Non è dolore, non è ira o noia
ma un rancore nel fondo della testa
che ora sembra noia ora dolore.
Fuori dei vetri vedi ancora i tetti.
Dentro, dove tu sei, non vedi più.
Se non, contro il soffitto, dai cortili
qualche filo di lume o dalla bruma
il chiaro della città verso cena.
Puoi, quando vuoi, accendere la luce,
leggere un libro, fumare, pensare
ad altro, intanto che il tuo tempo passa.

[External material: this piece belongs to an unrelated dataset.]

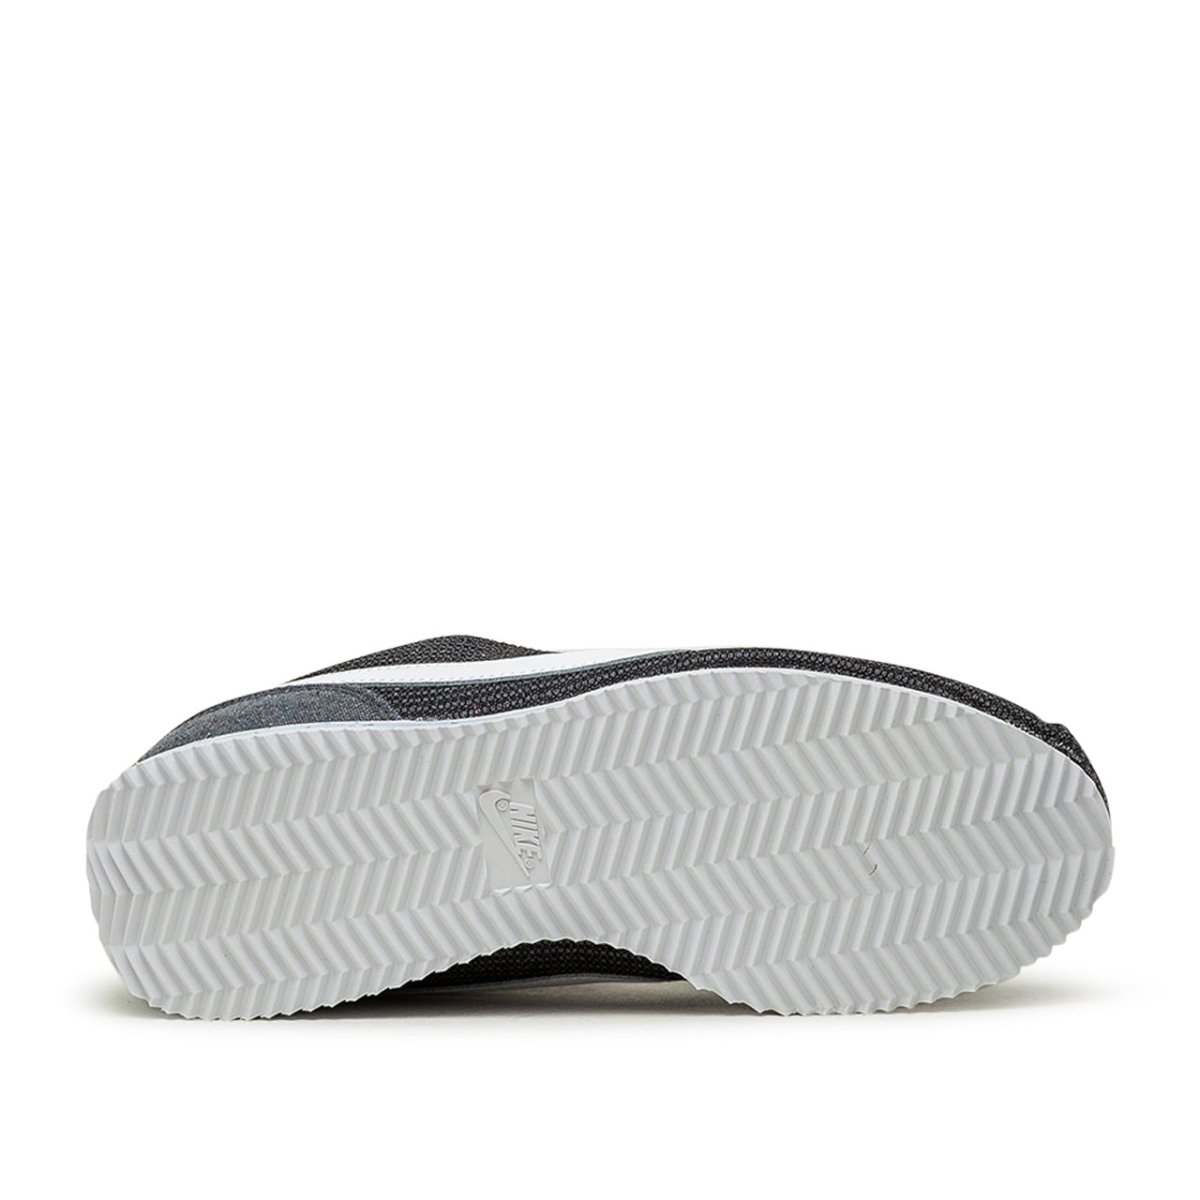 Nike Cortez Basic (Grau / Weiß / Blau)  - Allike Store

Franco Fortini: pseudonimo dello scrittore Franco Lattes (Firenze 1917 – Milano 1994); rifugiatosi durante la guerra, per ragioni razziali, in Svizzera, partecipò alla Resistenza in Val d’Ossola. La sua opera poetica, nata all’insegna dell’ermetismo, riuscì negli anni a conferire alla scontrosa severità di una ispirazione civile e politica una classica misura: Foglio di via e altri versi (1946); Una facile allegoria (1954); la raccolta complessiva Poesia ed errore, 1937-1957 (1959); Una volta per sempre (1963); Questo muro (1973); l’altra complessiva Una volta per sempre. Poesie 1938-1973 (1978); Paesaggio con serpente. Versi 1973-1983 (1984). Rare le sue prove narrative: Agonia di Natale (1948; col tit. Giovanni e le mani, 1972); Sere in Valdossola (1963); La cena delle ceneri (1988).
Nel ruolo di coscienza inquieta degli intellettuali di sinistra, dai tempi del Politecnico di Vittorini, del quale fu redattore, fino ai Quaderni piacentini, F. costituì un sicuro punto di riferimento per le giovani generazioni, applicando l’intelligenza penetrante del saggista a temi non soltanto letterari ma anche politici e culturali: Dieci inverni: 1947-1957 (1959); Verifica dei poteri (1965); I cani del Sinai(1967); Ventiquattro voci (1969); Saggi italiani (1974); Questioni di frontiera (1977); Insistenze (1985); Extrema ratio. Note per un buon uso delle rovine (1990). Tradusse Proust, Éluard, Brecht e Goethe; una sua raccolta di traduzioni apparve con il titolo Il ladro di ciliege e altre versioni di poesia (1982). Del 1990 è l’ampia silloge di Versi scelti: 1939-1989, in cui F. riunì il meglio della sua produzione poetica. Si devono inoltre ricordare la raccolta degli scritti in versi e in prosa di carattere epigrammatico e satirico (L’ospite ingrato: primo e secondo, 1985), il recupero di due racconti rimasti a lungo inediti (La cena delle ceneri & Racconto fiorentino, 1988) e alcune raccolte di saggi (Nuovi saggi italiani, 1987; Non solo oggi: cinquantanove voci, a cura di P. Jachia, 1991; Attraverso Pasolini, 1993). Nel 1994 apparve il suo ultimo libro di poesie, Composita solvantur. Numerose le pubblicazioni postume, a partire dal volumetto di Poesie inedite (1997, già apparso in edizione fuori commercio nel 1995), curato da P. V. Mengaldo. Sono seguiti: Breve secondo Novecento (1996; nuova ed. 1998); i due volumi di Disobbedienze (1º vol., Gli anni dei movimenti: scritti sul Manifesto, 1972-1985, 1997; 2º vol., Gli anni della sconfitta: scritti sul Manifesto, 1985-1994, 1998); i quattro studi raccolti in Dialoghi col Tasso (a cura di P. V. Mengaldo e D. Santarone, 1999); Il dolore della Verità: Maggiani incontra Fortini (a cura di E. Risso, 2000), un’intervista del 1983 allo scrittore M. Maggiani; le conversazioni radiofoniche del 1991 pubblicate col titolo Le rose dell’abisso: dialoghi sui classici italiani (a cura di D. Santarone, 2000).
(da Treccani online)

Lo scorso 28 novembre è uscito “Franco Fortini – Memorie per dopo domani” documentario realizzato dal filmaker e fotografo Lorenzo Pallini. Una vera produzione dal basso resa possibile da un crowdfunding e visibile con offerta libere su Open DDB.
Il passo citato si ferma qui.